On the one hand, there is an energy shock that risks making inflation more persistent. On the other hand, the economy continues to slow less than expected and, for that very reason, does not give the Fed a strong enough reason to move quickly toward a more accommodative stance.

 

 

The result is that the Fed is holding steady; in practice, we’re in a wait-and-see phase, and the market seems to have grasped this quite well.

Even on the geopolitical front, if you will, the market is showing a greater ability to absorb shocks than expected. Tension over oil remains very real. Trump has further hardened his stance toward Iran, there is open talk of a prolonged blockade of the Strait of Hormuz, and crude oil has quickly returned to the 0 range. Yet, despite all this, the stock market is not behaving as one would expect in a classic stagflationary scenario.

 

 

The reason is that part of the shock has already been absorbed. Not all Middle Eastern oil has actually come to a standstill. A significant portion of the flows has been rerouted, some has been rationed but not completely cut off, strategic reserves have been tapped, and, above all, the United States is now much less vulnerable to an energy shock than it was in the past.

 

PH | High oil prices, a steady Fed, a strong market: why?

 

This doesn’t mean that risk doesn’t exist. It does mean, however, that the market has likely already factored in a significant portion of this risk and has begun to look beyond it.

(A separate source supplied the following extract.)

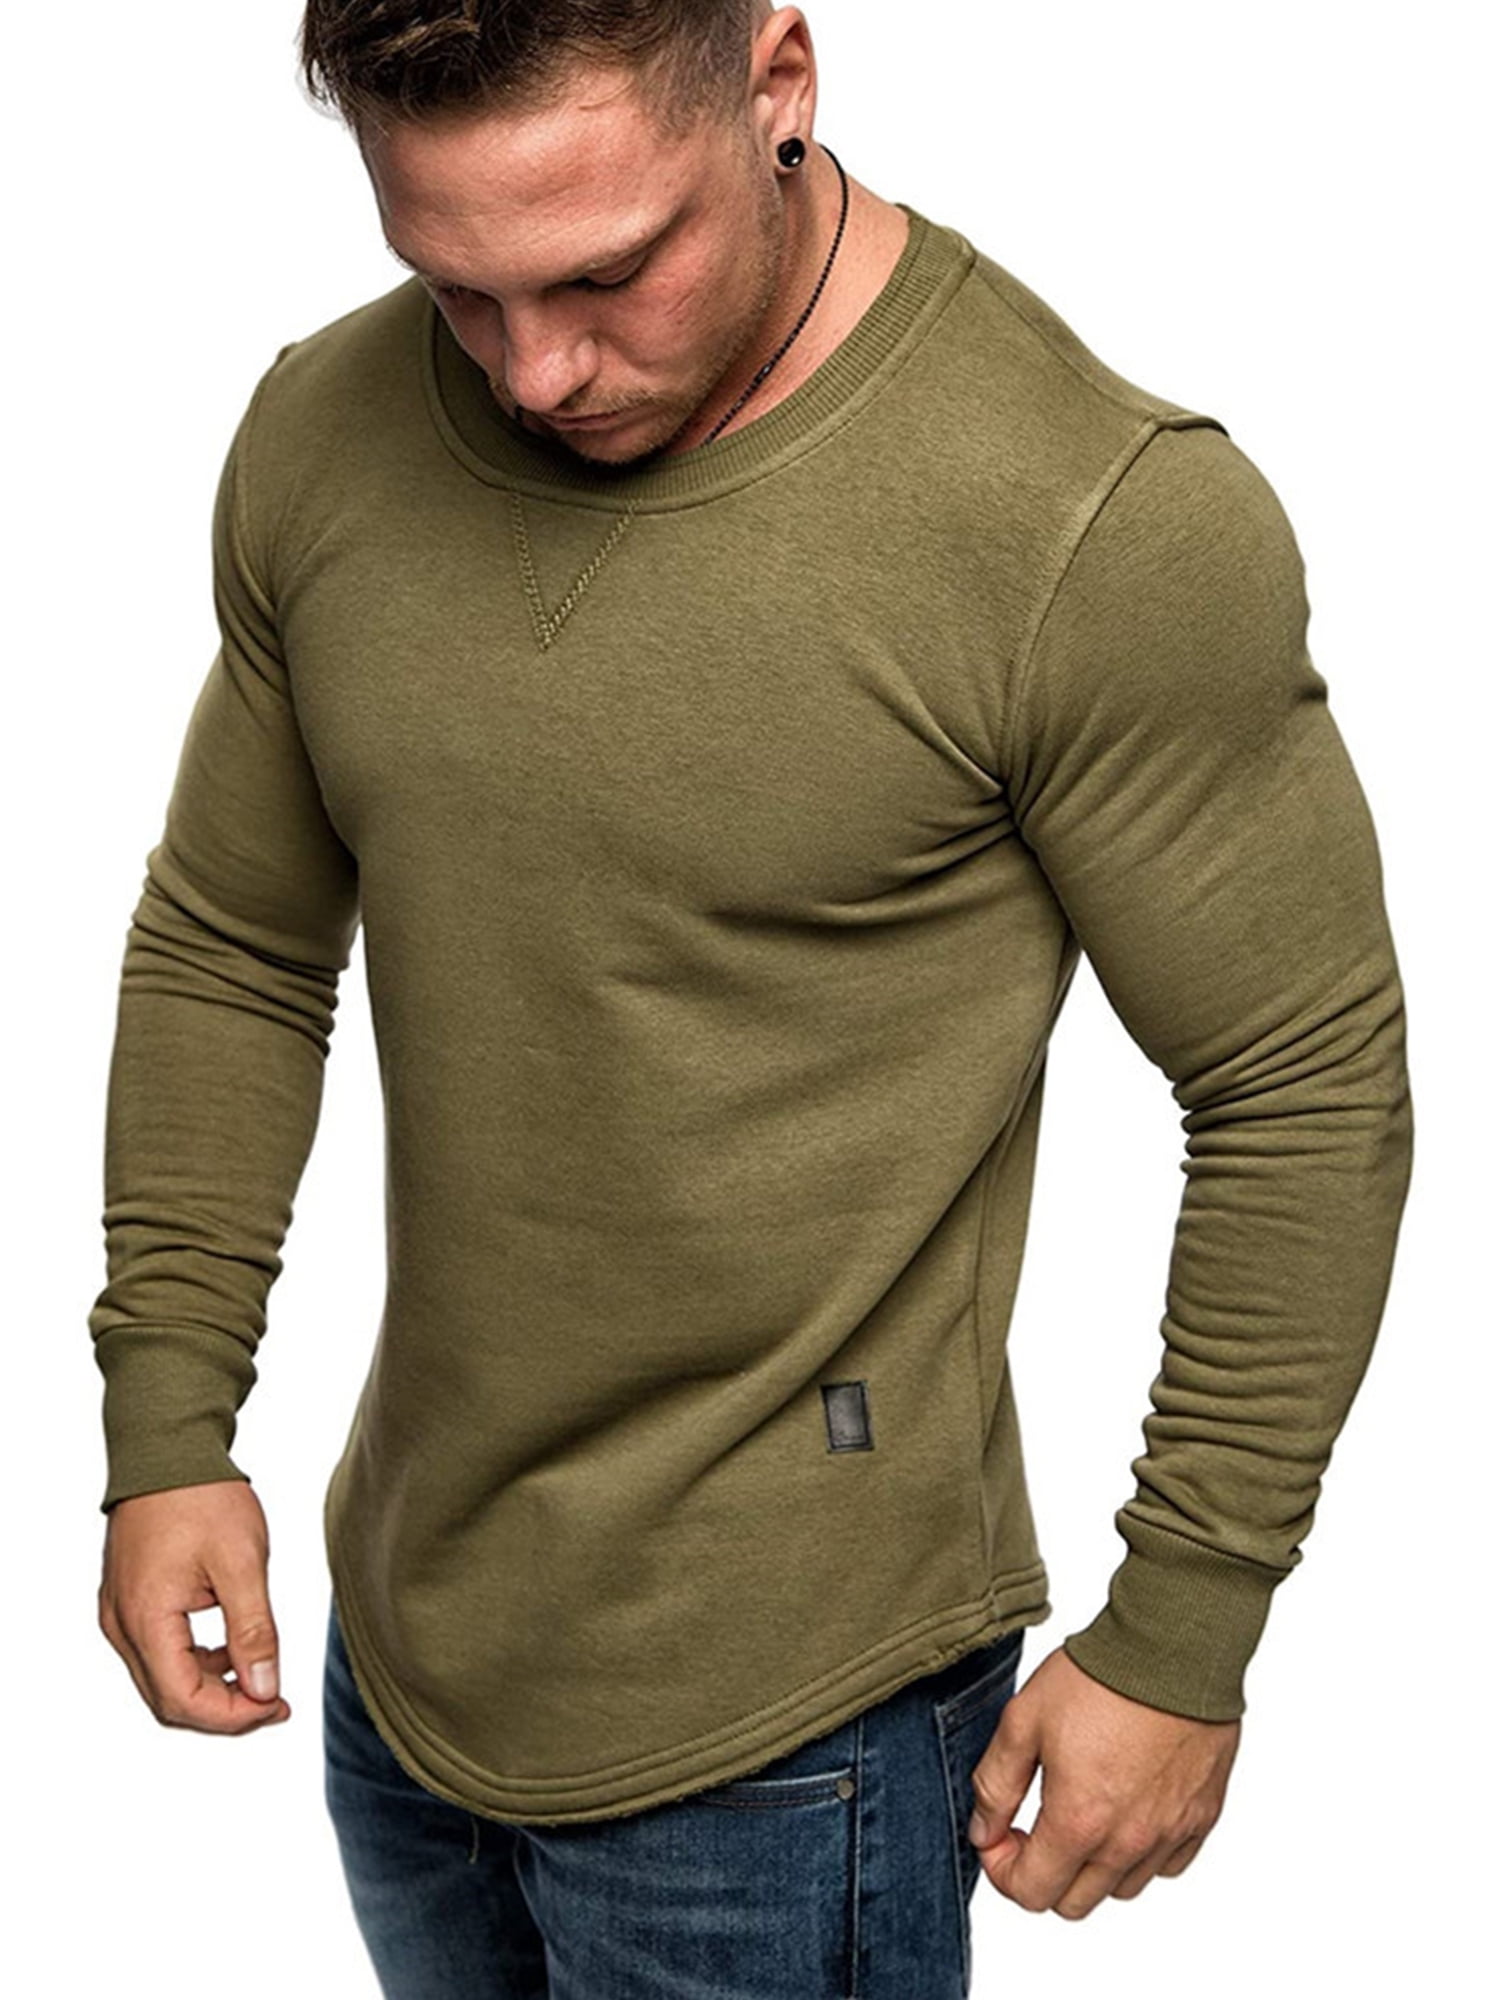 Wodstyle - Mens Muscle Long Sleeve T-Shirt Gym Sports ...

And when the market looks beyond, it always comes back to the same thing: earnings.

And this is precisely where this phase gets really interesting. Because earnings season, which is now in full swing, is telling us a very clear story. The numbers remain strong—often very strong—but the market has become much more demanding in how it interprets them.

 

 

We’ve seen the results from giants like Alphabet, Microsoft, Amazon, and Meta, and overall, the numbers have been impressive. Amazon has accelerated further in the cloud. Microsoft has shown extraordinary growth in its AI division. Alphabet surprised with Google Cloud’s strong expansion. Meta has maintained extremely high margins while continuing to spend heavily. In short, from an industrial and operational standpoint, we’re talking about companies that continue to deliver top-tier results..

 

 

Yet the market is no longer satisfied with simply “beating” expectations. Today, it’s not enough to exceed expectations. Companies must do so convincingly, and above all, they must demonstrate that future growth justifies the level of spending these companies are undertaking.

This dynamic is even more evident in the rest of the tech sector. Software and the SaaS world continue to be treated with great caution. Conversely, the more “physical” and more directly monetizable parts of the AI cycle—hardware, semiconductors, infrastructure, and equipment—continue to be favored. This tells us that the rotation isn’t over. It’s simply becoming more refined.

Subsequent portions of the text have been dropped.